Based upon the Black-Scholes calculation, share-based compensation expense related to employee and director stock option grants totaled $394,000 and $348,000 for the nine months ended September 30, 2013 and 2012, respectively. The unamortized expense as of September 30, 2013, was approximately $1.4 million for outstanding stock option grants.


On August 6, 2013, 428,000 new stock option grants were issued to employees at an exercise price of $2.14, which represents the fair market value of a share of the Company’s common stock on August 6, 2013, as determined in accordance with the Company’s 2008 Plan. The estimated stock compensation expense is $915,980, which will be recognized ratably over the four year vesting period. The fair value of each option was estimated on the date of grant using the Black-Scholes option-pricing model with the following weighted average assumptions: dividend yield of 0%; volatility factor of expected market price of common stock of 157%; risk free interest rate of 1.71%; and expected lives of 6 years.


On January 3, 2013 and May 7, 2013, 10,000 and 30,000 new stock option grants were issued to directors at an exercise price of $1.70 and $2.04, respectively which represents the fair market value of a share of the Company’s common stock on January 3, 2013 and May 7, 2013, respectively, as determined in accordance with the Company’s 2008 Plan. The estimated stock compensation expense is $17,000 and $61,200, respectively, which will be recognized ratably over the one year vesting period. The fair value of each option is estimated based on the date of grant using the Black-Scholes option-pricing model with the following weighted average assumptions: dividend yield of 0%; volatility factor of expected market price of common stock of 157%; risk free interest rate of 1.71%; and expected lives of 6 years.


Additionally, during the nine months ended September 30, 2013, new stock option grants covering 28,000 SGRP Shares were awarded to eight new employees of the Company and SAS at an exercise price of $1.69 per share which represents the fair market value of a share of the Company’s common stock on the date of issue, as determined in accordance with the Company’s 2008 Plan. The estimated stock compensation expense is $47,320, which will be recognized ratably over the four year vesting period. The fair value of each option was estimated on the date of grant using the Black-Scholes option-pricing model with the following weighted average assumptions: dividend yield of 0%; volatility factor of expected market price of common stock of 157%; risk free interest rate of 1.71%; and expected lives of 6 years.

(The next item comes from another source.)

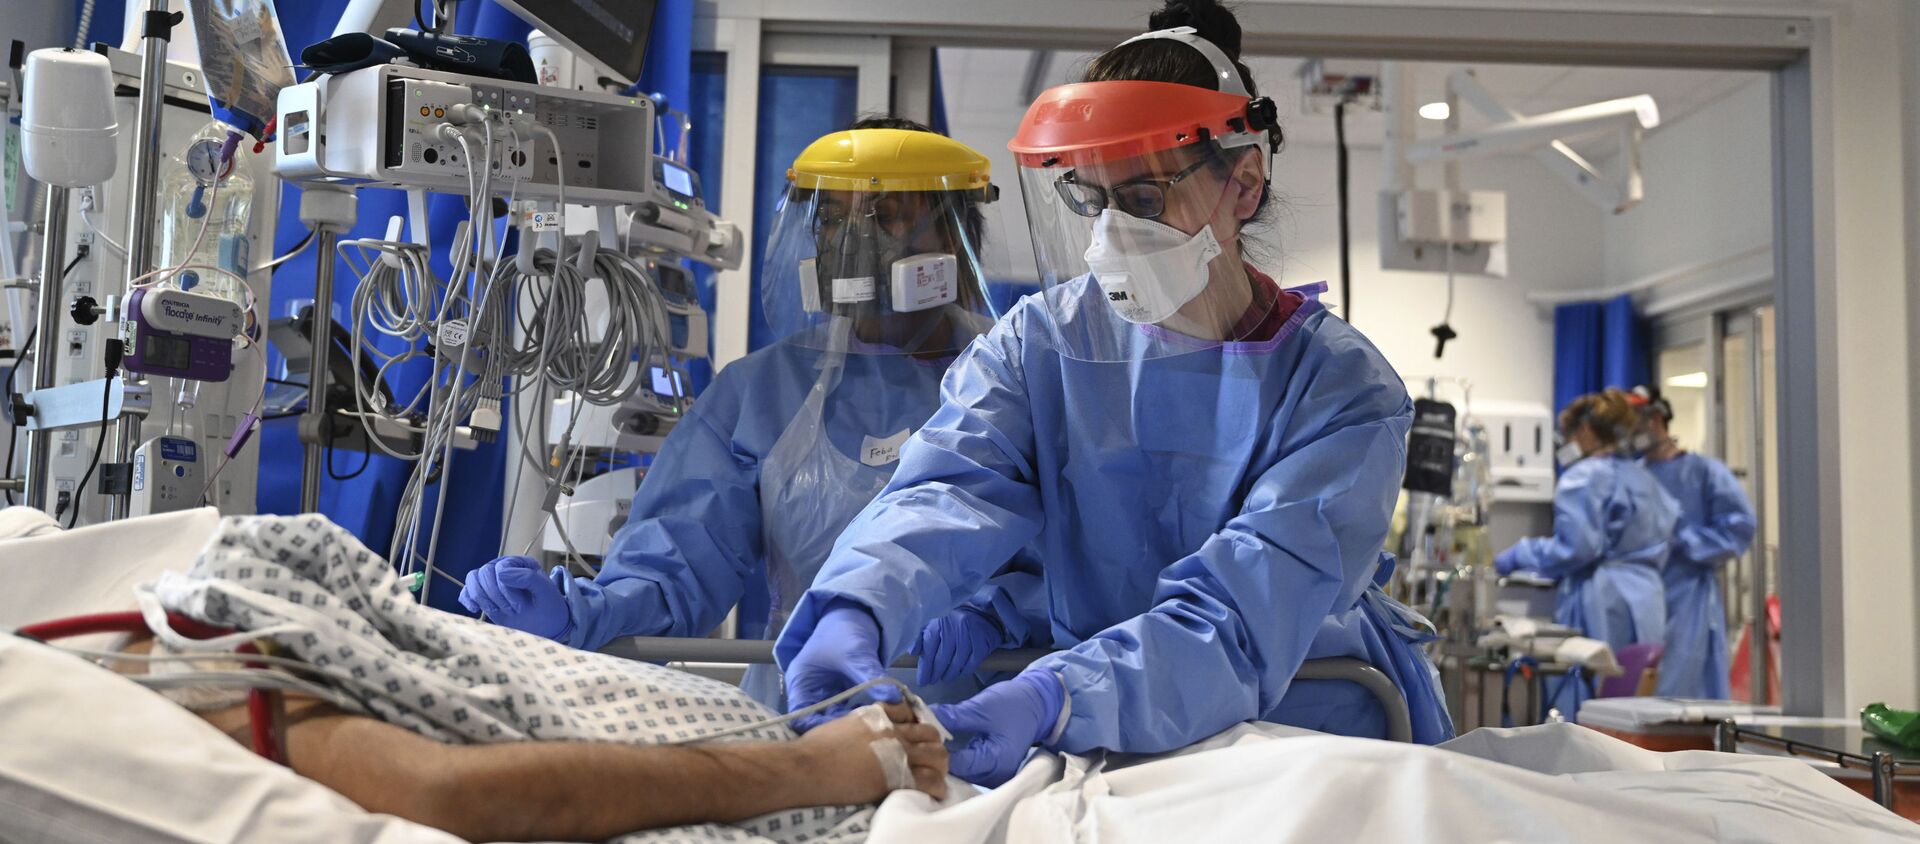 Members of the clinical staff wearing Personal Protective Equipment PPE care for a patient with coronavirus in the intensive care unit at the Royal Papworth Hospital in Cambridge, 5 May 2020 - Sputnik International, 1920, 22.04.2021

Pursuant to the 2008 Plan, SGRP's Compensation Committee authorized a restricted SGRP common stock award of 100,000 shares on March 10, 2011 (the "2011 RS Award"), and 25,000 shares on August 1, 2012 (the "2012 RS Award"), as additional compensation to Mr. Raymond, the Company's Chief Executive Officer and President.  The restricted shares vest in five equal parts on each of the five anniversaries following the award date (20,000 shares a year in the case of the 2011 RS Award, which started to vest on March 10, 2012, and 5,000 shares a year in the case of the 2012 RS Award, which starts to vest on August 1, 2013), so long as Mr. Raymond continues to be so employed by the Company on the applicable vesting date.  If Mr. Raymond leaves such employment, he will lose his right to receive any unvested shares. The compensation expense related to each such award will be amortized by the Company over the five (5) year vesting periods, starting on the issuance date of each award (March 10, 2011, and August 1, 2012, respectively).  The Company recorded compensation expenses for the nine months ended September 30, 2013, of $36,613 for the 2011 RS Award and $4,266 for the 2012 RS Award. The unamortized expense as of September 30, 2013 was $117,870 for the 2011 RS Award and $21,023 for the 2012 RS Award.